On Tue, Oct 31, 2017 at 3:15 PM, William Sheffler email@example.com wrote:
Thank you all kindly for your responses! Based on your encouragement, I will pursue an ndarray subclass / __array_ufunc__ implementation. I had been toying with np.set_numeric_ops, which is less than ideal (for example, np.ndarray.around segfaults if I use set_numeric_ops in any way).
A second question: very broadly speaking, how much 'pain' can I expect trying to use an np.ndarray subclass in the broader python scientific computing ecosystem, and is there general consensus that projects 'should' support ndarray subclasses?
That depends on what the ndarray subclass does, which methods it overrides, and what the function uses. My guess is that most general code uses np.asarray and then assume it behaves like an ndarray, the actual behavior will be what non ufuncs are doing with it, e.g. what does np.linalg.pinv(my_array) @ np.ones(len(my_array)) return.

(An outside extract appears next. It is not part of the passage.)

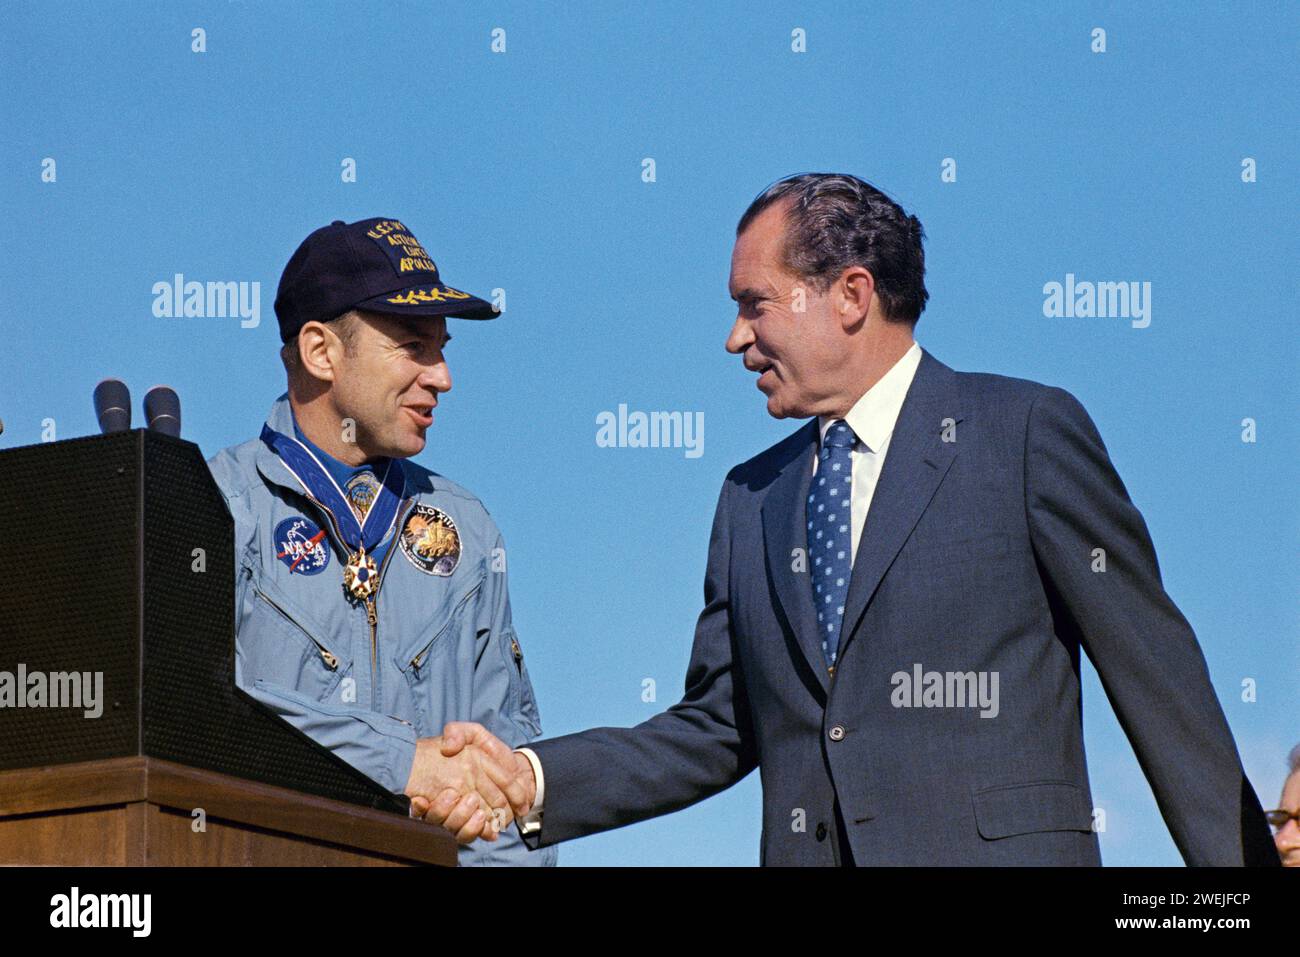 U.S. President Richard M. Nixon and astronaut James A. Lovell Jr., Apollo 13 commander, shaking hands at special ceremony to present Apollo 13 crew with Presidential Medal of Freedom, the nation's highest civilian honor, Hickam Air Force Base, Hawaii, USA, NASA, April 18, 1970 Stock Photo

We spent a *long time* sorting out the messy details of __array_ufunc__
, especially for handling interactions between different types, e.g., between numpy arrays, non-numpy array-like objects, builtin Python objects, objects that override arithmetic to act in non-numpy-like ways, and of course subclasses of all the above.
We hope that we have it right this time, but as we wrote in the NumPy
1.13 release notes "The API is provisional, we do not yet guarantee backward compatibility as modifications may be made pending feedback." That said, let's give it a try!
If any changes are necessary, I expect it would likely relate to how we
handle interactions between different types. That's where we spent the majority of the design effort, but debate is a poor substitute for experience. I would be very surprised if the basic cases (one argument or two arguments of the same type) need any changes.